The extreme complexity of these imaginative worlds leads people to approach and become passionate about the Warhammer brand for very different reasons. There are those who are passionate about painting miniatures and therefore buy miniatures from Games Workshop ((GW)) just to live out their passion without actually playing (from what I could gather from my research, this category represents the majority of buyers of GW products). Then there are those who are attracted to the "lore" behind these worlds and therefore do not necessarily buy dozens of miniatures, but are entertained by the other contents created by GW. A third category is those who play, some just with friends and some in competitive tournaments (this is clearly a very small niche compared to the total). Of course, these are just three exemplary categories, between which there are infinite nuances.
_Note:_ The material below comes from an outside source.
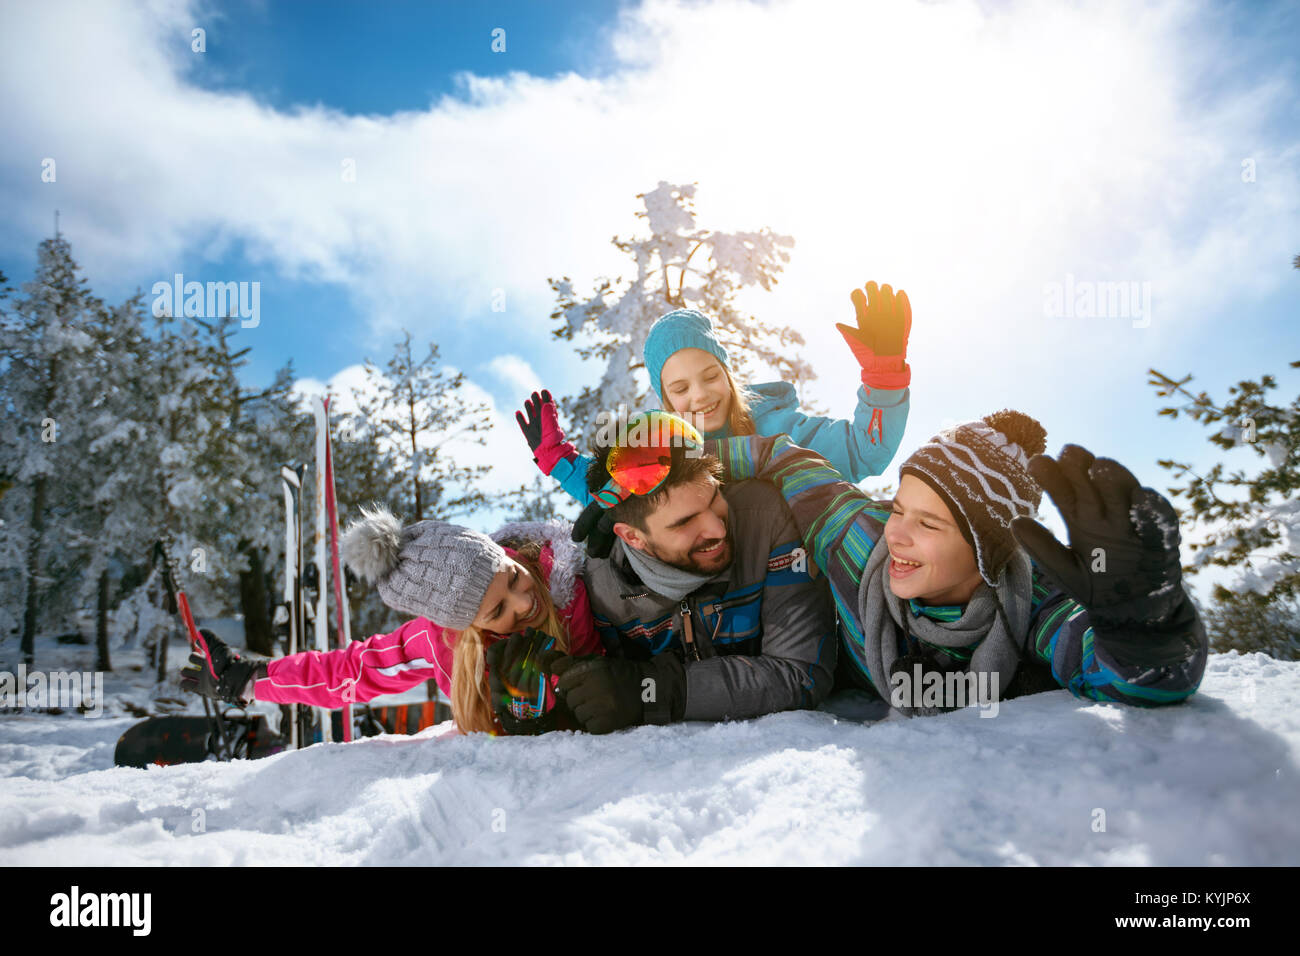 Junge lächelnde Familie in den Winterurlaub - Ski, Schnee, Sonne und viel Spaß Stockfoto

To give you an idea of the volumes, we are talking about 2.4 million people , an estimate from the blog "Goonhammer", which analyzes their users and general traffic between subreddits, YouTube channels and official sites (in this case we are only talking about Warhammer 40K), and only for the English-speaking world. If we consider the rest of the world, they estimate the number of enthusiasts to be between 3.5 and 5 million, with the majority represented by casual gamers and hobbyists. Of course, it is difficult to give an accurate estimate of how many people are interested in this game. GW does not release data on the actual number of miniatures sold, and even if they did, it would still be difficult to give a number of customers, since it's easy to switch between those who buy a few miniatures a year and those who buy several dozen (plus, it does not take into account the used market). However, if you want to think only about the "media coverage" on the various social networks, you can rely on these figures.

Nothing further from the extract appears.